**What the task asks**.
Copy word for word, please, the lines of the entries below running from the one containing "Nahaufnahme des neuen" to the one containing "Buy Jean-Louis Scherrer", both ends included.

**Records supplied**.
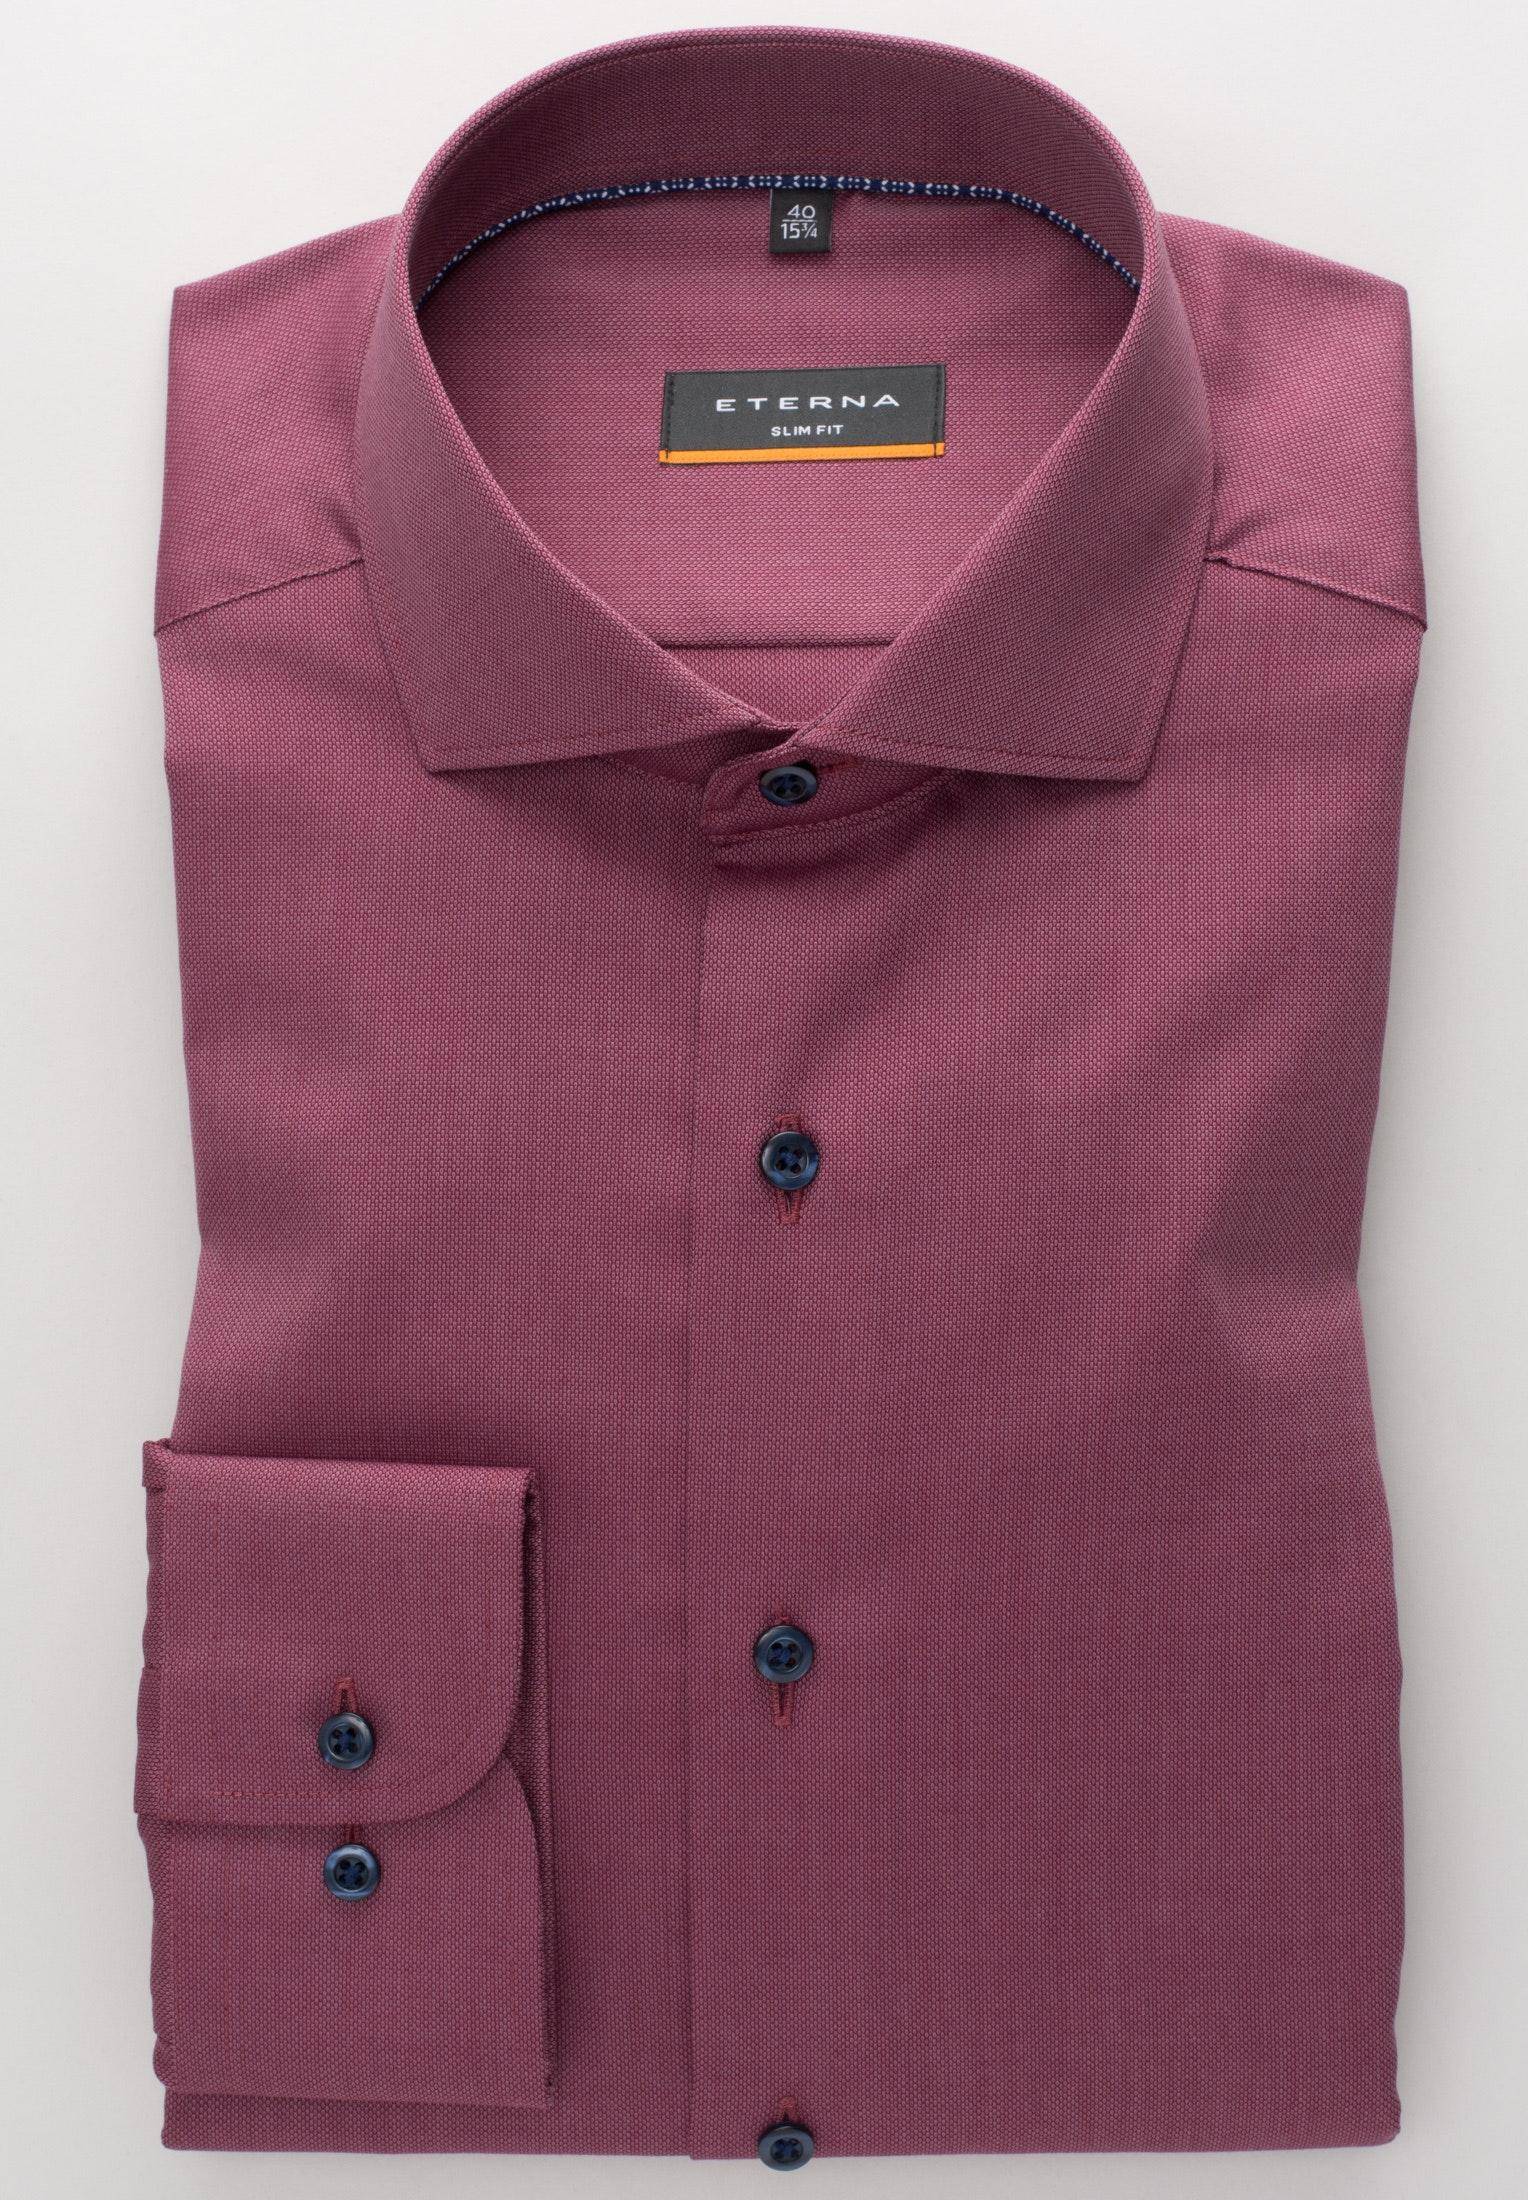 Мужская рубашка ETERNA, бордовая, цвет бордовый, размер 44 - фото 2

* * *

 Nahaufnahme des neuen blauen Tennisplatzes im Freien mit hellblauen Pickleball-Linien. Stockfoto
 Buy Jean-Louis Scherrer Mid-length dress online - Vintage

==

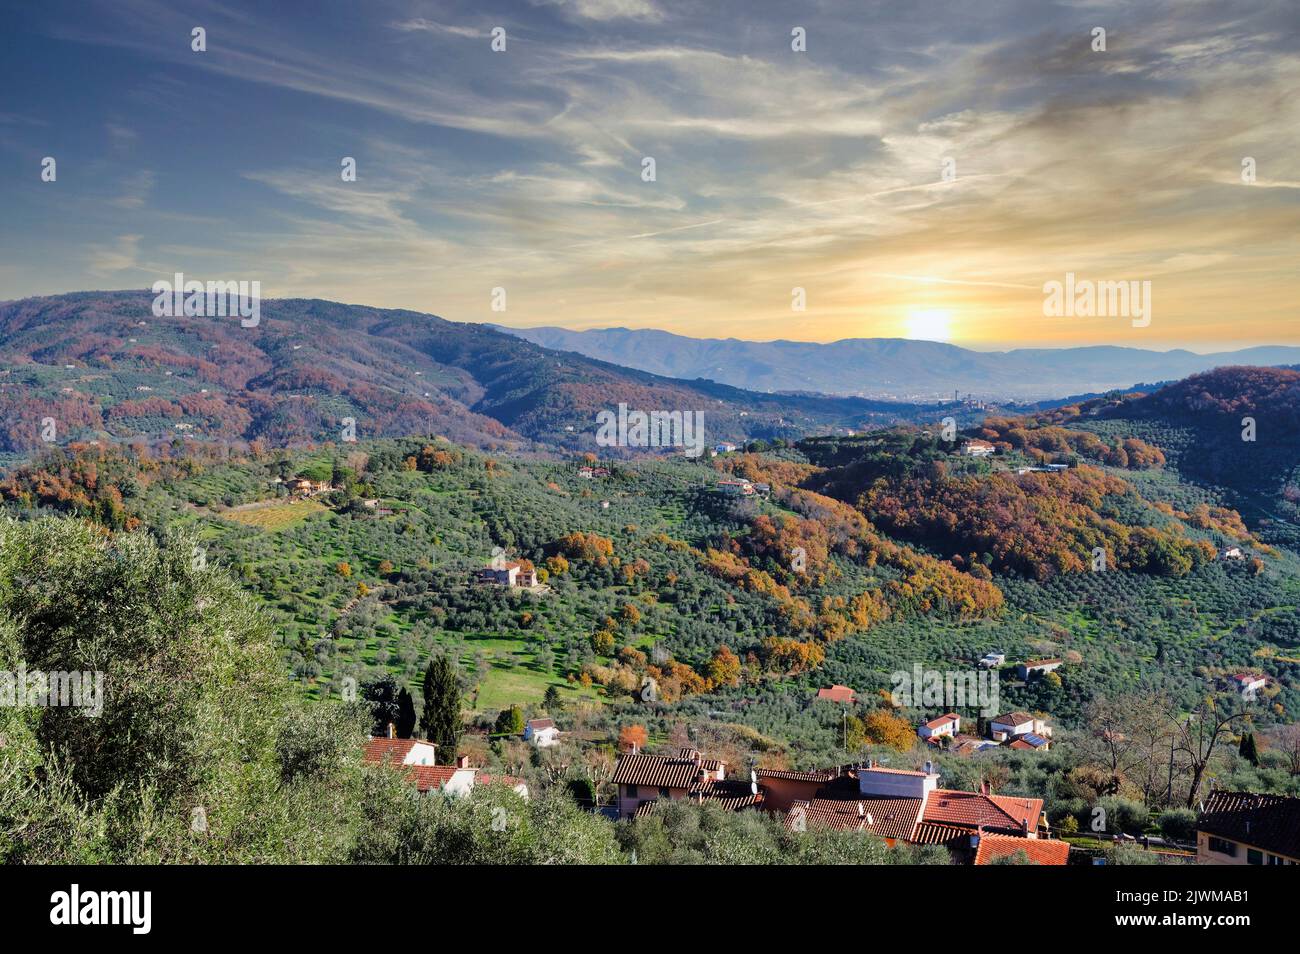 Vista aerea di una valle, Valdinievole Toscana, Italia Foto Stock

**Exercise response**.
 Nahaufnahme des neuen blauen Tennisplatzes im Freien mit hellblauen Pickleball-Linien. Stockfoto
 Buy Jean-Louis Scherrer Mid-length dress online - Vintage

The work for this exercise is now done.